The strict state/admission rules are documented in docs/gwt-runtime-contracts.md. Start from docs/quickstart.md for local usage and docs/demo-scenarios.md for reproducible demos, and docs/external-subscribers.md for LLM/NLI subscriber adapters.

MCP clients can call gwt_attend(question, keywords?, k?, planner?) for this path without manually sequencing gwt_set_goal, gwt_query(admit=true), and gwt_broadcast. They can also call gwt_resolve or gwt_collection_query when they need an exact runtime answer without a broadcast. The most recent attention trace is available at gwt://attention/last and summarized by gwt_trace_explain. gwt_bus_inspect exposes the latest cycle-level bus result, including subscriber statuses and accepted/inhibited proposal counts.

Architecture

src/gwt_context/
├── domain/           # Pure domain, no I/O
│   ├── models.py     # MemoryItem, Goal, WorkspaceSlot, etc.
│   ├── workspace.py  # GlobalWorkspace (capacity-limited slots)
│   ├── specialists.py # 6 specialist scoring functions
│   ├── competition.py # CompetitionEngine (scoring + eviction)
│   └── broadcast.py  # BroadcastAssembler (workspace → text)
├── application/      # Orchestration
│   ├── broadcast_bus.py # Post-broadcast subscribers and proposal arbitration
│   ├── attention.py  # Explicit attention controller
│   ├── structured.py # Runtime collection and relation evidence
│   ├── cycle.py      # SelectionBroadcastCycle + PreconsciousBuffer
│   ├── ingestion.py  # Content → MemoryItem pipeline
│   └── goal_manager.py
├── infrastructure/   # Storage, embeddings
│   ├── storage.py    # SQLiteMemoryStore
│   ├── vector_index.py # Numpy cosine similarity index
│   ├── embeddings.py # SentenceTransformerEmbedder
│   └── config.py     # GWTConfig
├── mcp/              # MCP interface
│   ├── tools.py      # 12 tool definitions
│   ├── resources.py  # MCP resources
│   └── prompts.py    # System + multi-hop prompts
└── server.py         # FastMCP wiring + entry point

Tests

pip install -e ".[dev]"
pytest tests/unit/ tests/integration/ -q

Tests cover domain logic, storage, vector index, MCP boundaries, and full selection-broadcast cycles.

Benchmarks

Benchmark harness for evaluation against OpenAI-compatible APIs (Qwen, Llama, etc. via vLLM/TGI):

pip install -e ".[dev,bench]"
cp .env.example .env
python -m tests.benchmarks.ruler_multi_hop
python -m tests.benchmarks.longbench_pro

See tests/benchmarks/README.md for the full variable matrix, command examples, and reproducible output behavior. See docs/attention-controller.md for the architecture note behind the controlled/hybrid design. See docs/release-readiness.md for current release gates and Qwen smoke status. See docs/honest-gwt-report.md for the current GWT claim and limitations. See docs/dogfood-report.md for the latest real MCP/Qwen dogfood evidence. See docs/benchmark-report-v0.3.md for the current v0.3 benchmark summary. See docs/mcp-tool-contracts.md for stable MCP response shapes.

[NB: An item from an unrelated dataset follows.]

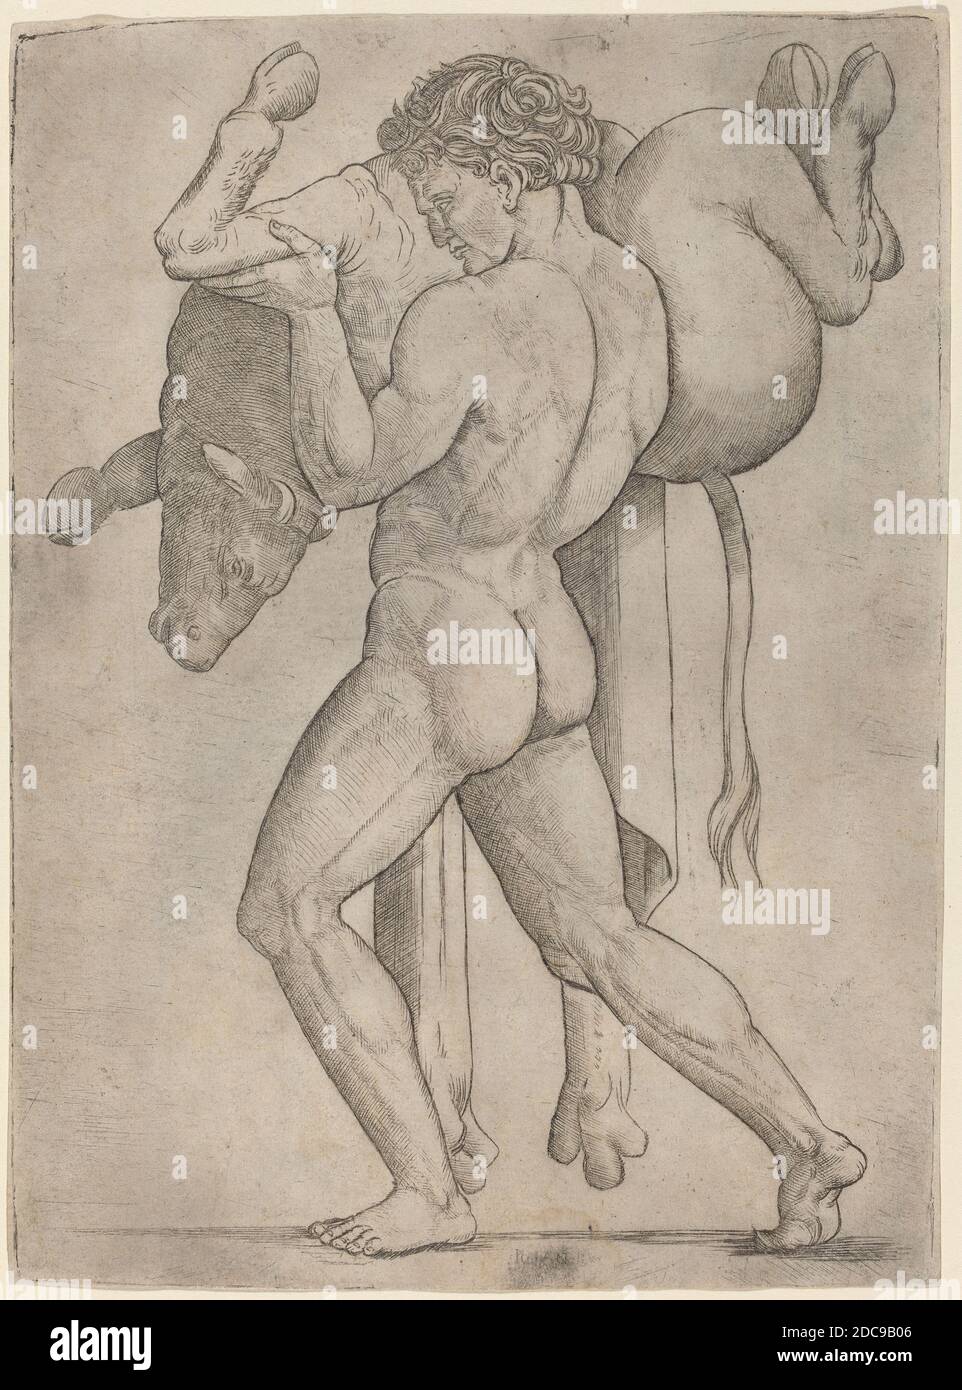 Giovanni Antonio da Brescia, (artist), Italian, active c. 1490 - 1525 or after, Hercules and the Cretan Bull, c. 1514/1515, engraving, sheet: 21.4 x 15.7 cm (8 7/16 x 6 3/16 in Stock Photo

Each benchmark runs GWT mode (with tools) and baseline mode (all context in prompt) for comparison. Results are saved as JSON in BENCHMARK_RESULTS_DIR (default tests/benchmarks/results/) using deterministic filenames:

  • {benchmark}_{model}_{timestamp}_{config_hash}.json

Benchmark modes include prompt-only baseline, model-controlled tools, production generic attend, deterministic controlled, and hybrid mode where GWT selection is deterministic and the model only performs final synthesis.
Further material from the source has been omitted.